Pay Attention to Care Guidelines
Caring for your plants means more than simply heading out with a hose once in a while. You need to know what each plant’s requirements.
For example, you should know how often to water and mulch, what type of drainage is best for your plants, what soil to use and whether your plants need fertilizer, and shade or sun. Consider planting species with similar needs close to one another to save you time and trouble.
In a Drought Zone? Look Into Xeriscaping
While xeriscaping, also known as drought-resistant landscaping, was developed for the unique needs of the hot, desert Southwest, the concept has grown to encompass principles that work in any planting zone or climate.
Xeriscaping is a way of looking at your local environment and developing a plan that is consistent with the plants that naturally thrive there with little human help. Once established, your local xeriscape needs only periodic attention to look beautiful at any time of year.
Consider the Climate
It’s obvious that landscaping needs will differ from the seacoast to the mountains, from northern Minnesota to the Great Plains, and from a hot, humid environment to the sunbaked expanses of Arizona and Nevada. While it is possible to cultivate roses in the desert, or succulents in gardens in the salt-filled fog of Maine or South Carolina, it is much more sensible and environmentally wise to tailor your landscape to your geography’s climate.
The most satisfying landscapes look as if they developed naturally and can withstand the changing weather conditions of your particular area. If you’re unfamiliar with the locale, be sure to get advice from a local nursery; ask questions or snap pictures of yards that please you.
Also keep in mind water concerns. If your area frequently has to conserve water due to drought conditions, you don't want to add water-hungry plants to your lawn.

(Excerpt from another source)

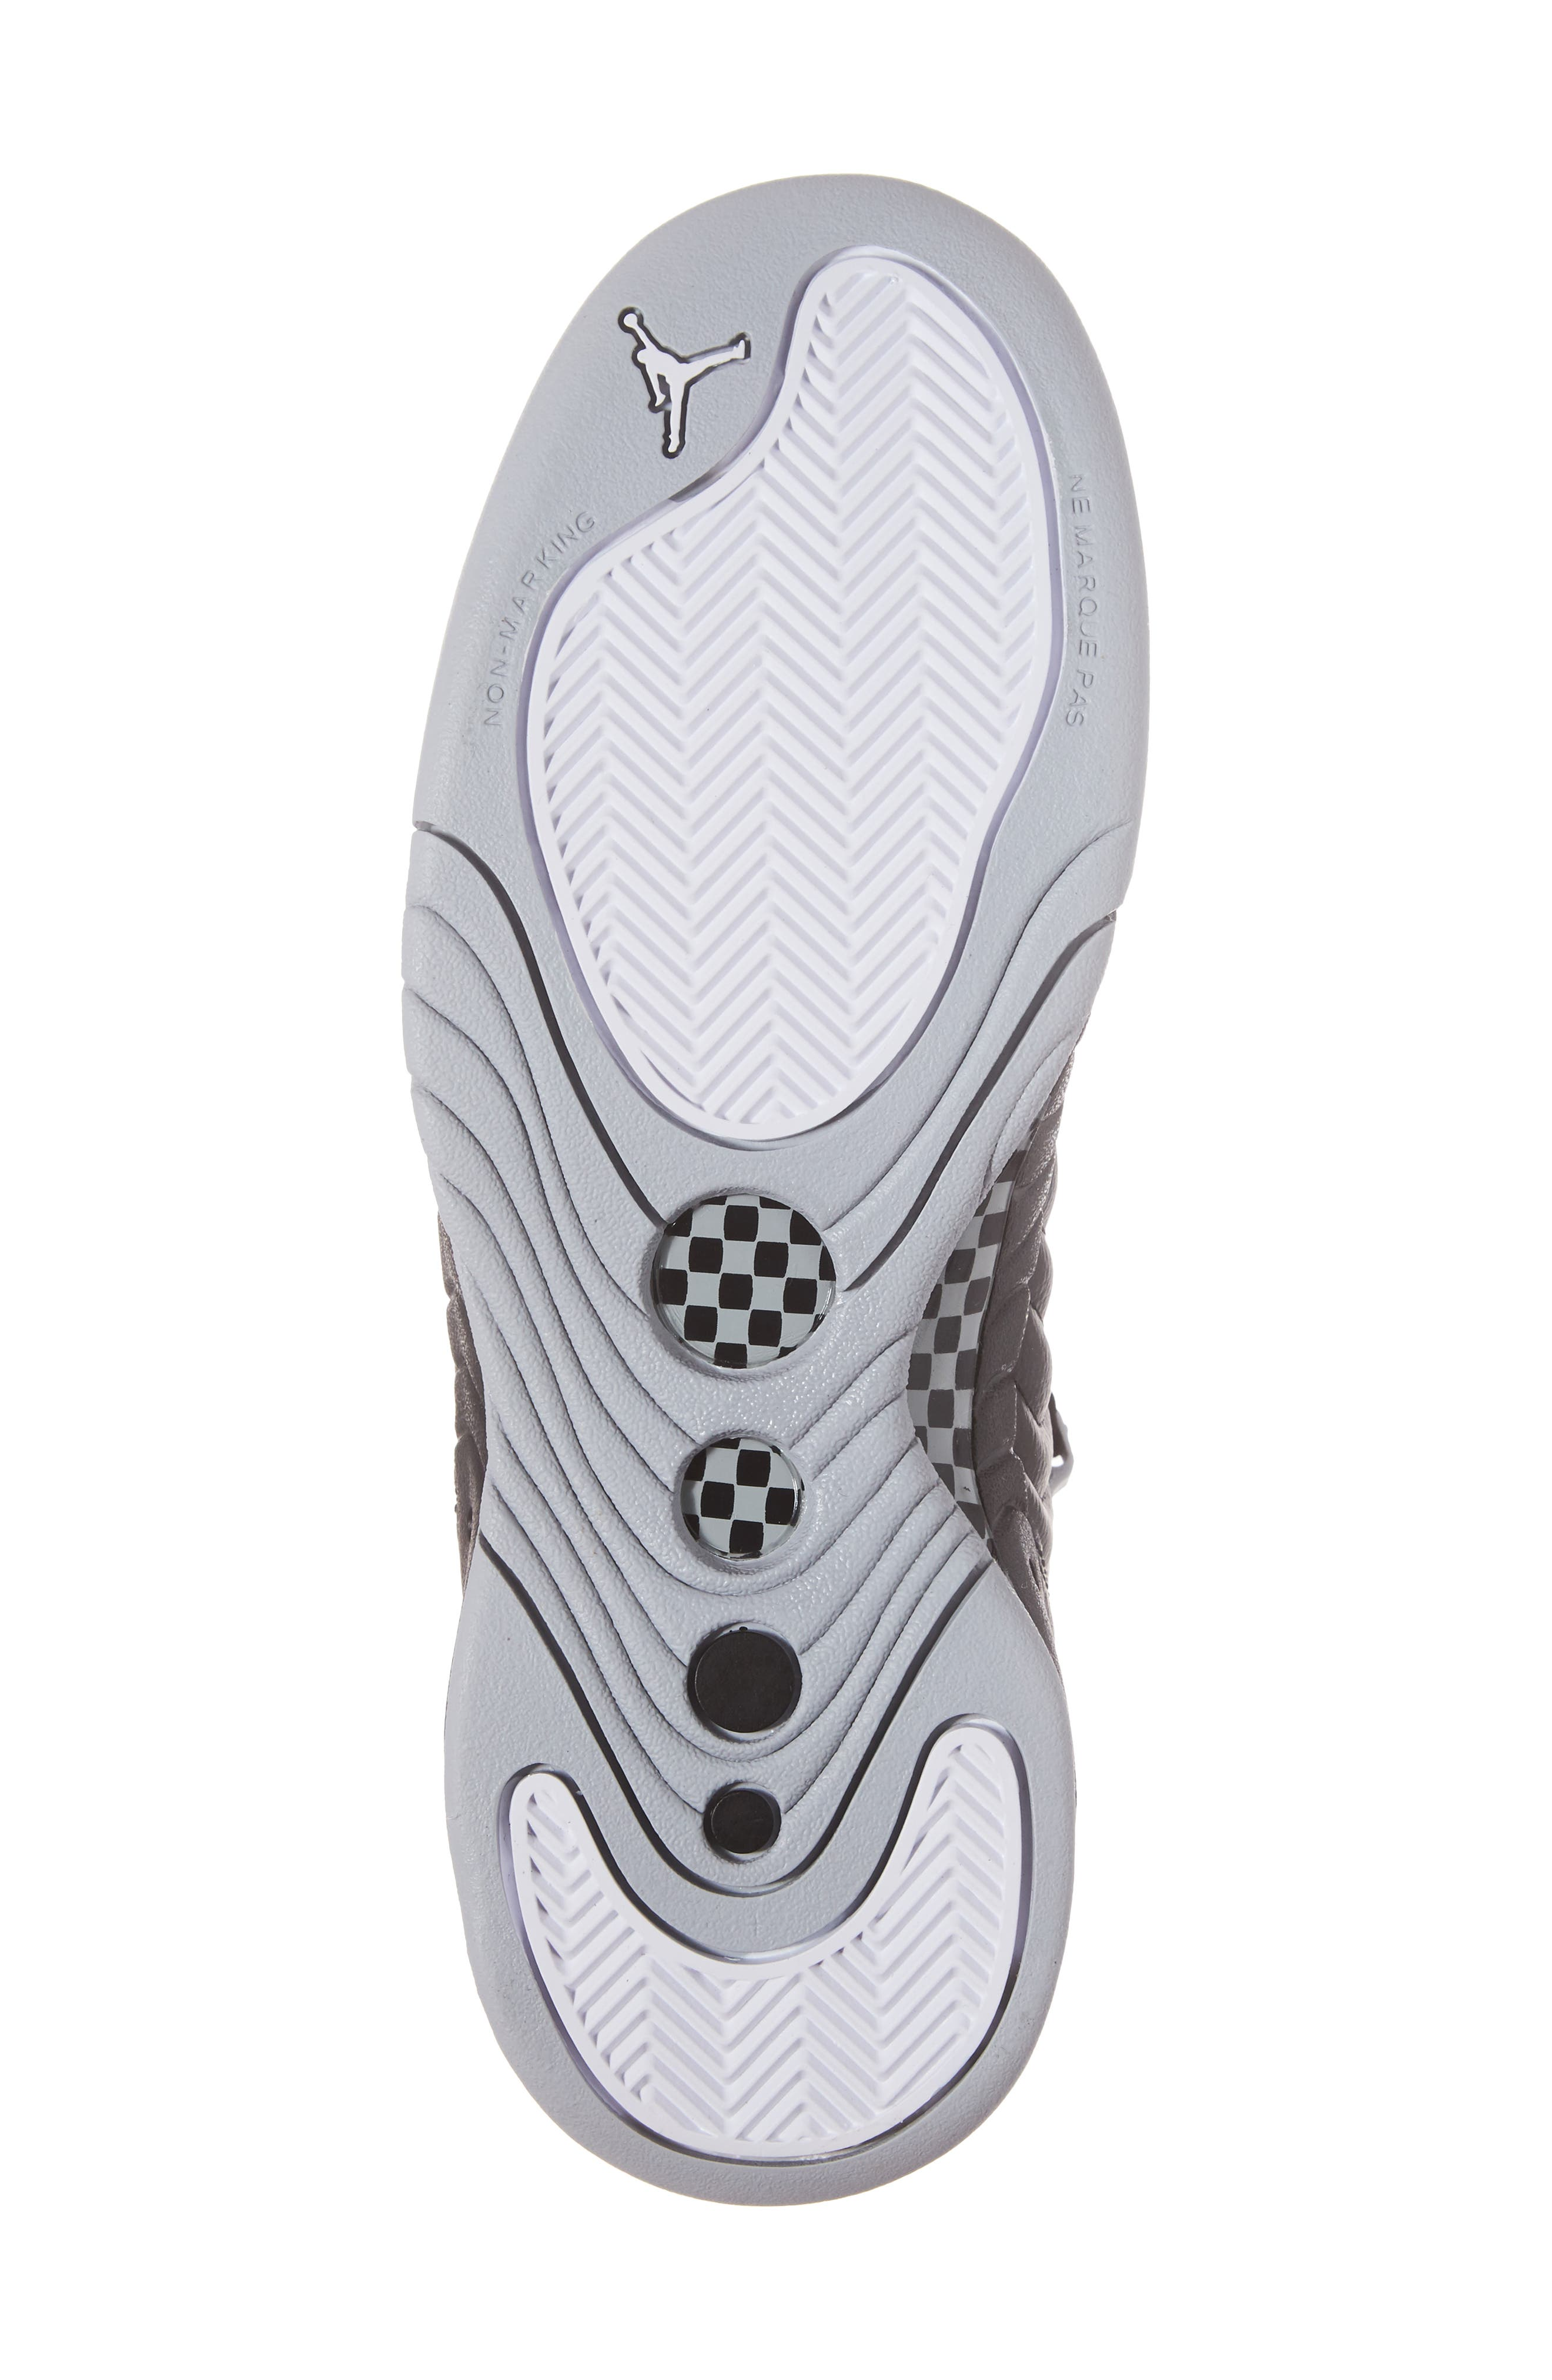 Jumpman Pro BG Mid Top Sneaker,                             Alternate thumbnail 6, color,                             012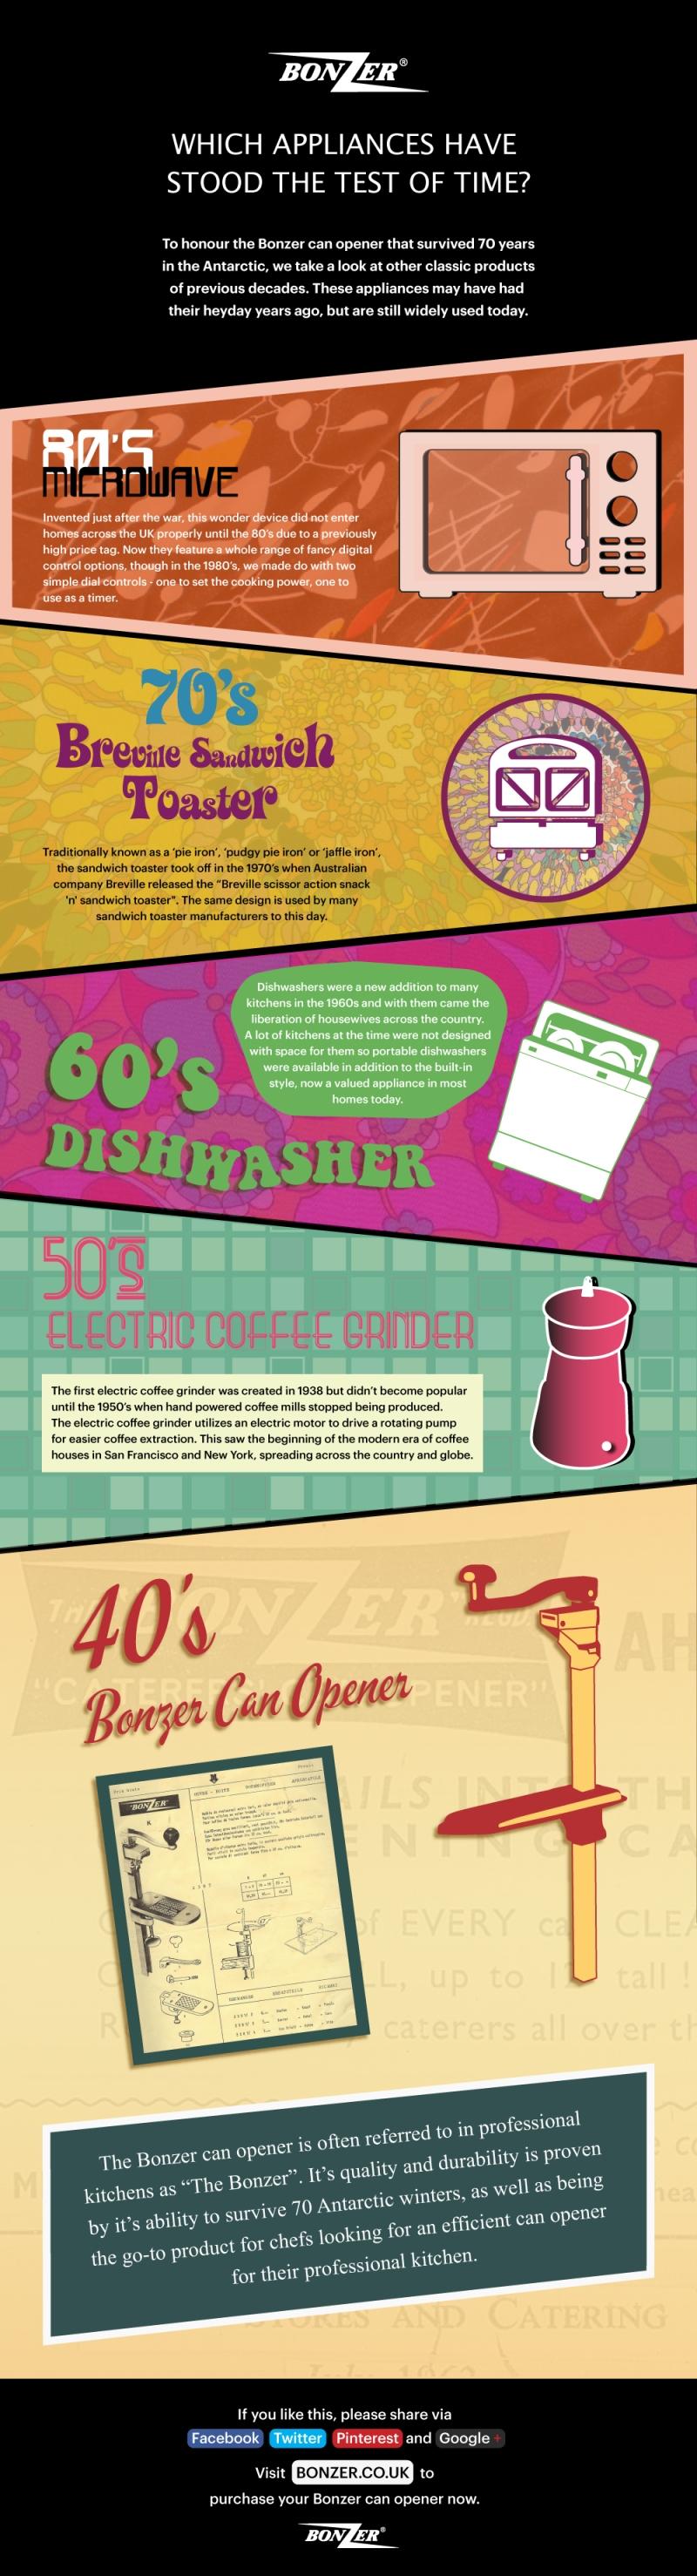 bonzer-can-opener-kitchen-appliances-infographic

Combine Hardscape with Greenery
Have fun with your landscape and plan for privacy, sports, outdoor dining, activities that appeal to your family. Garden structures like trellises and gazebos can provide a place to read or relax. A sandbox is a great addition if you have young children. A fenced area can eliminate the problem of “doggie digging” or muddy feet.
Plan spaces that encourage family togetherness or add a little whimsy. Layer your landscape in front of a fence or wall and leave space for seasonal color if you enjoy spending time outdoors and like to “play in the dirt.”
Also consider that potted annuals generally require little water, and can be moved to take advantage of the sun and natural precipitation.
Use Mixed Materials
Hardscaping with bricks or pavers can be a great way to beautify your backyard and cut down on watering. Mulch beds also serve multiple purposes. For starters, they reduce the amount of grass that needs to be mowed. Second, they provide plants much-needed protection and shelter from the elements. Mulch beds also look appealing and are very inexpensive to install, making them an excellent addition to your property.
Less Is More
While you may be tempted to install a bed with dozens of different plants and flowers because it’ll be beautiful, there’s a downside. The more different plants you have, the more work you’ll have to put into meeting each individual plant’s care and maintenance needs. Instead, why not plant a few larger shrubs or even trees on your property? They’ll still be lovely, will require a lot less work and you can choose flowering varieties for if you want a few pops of color.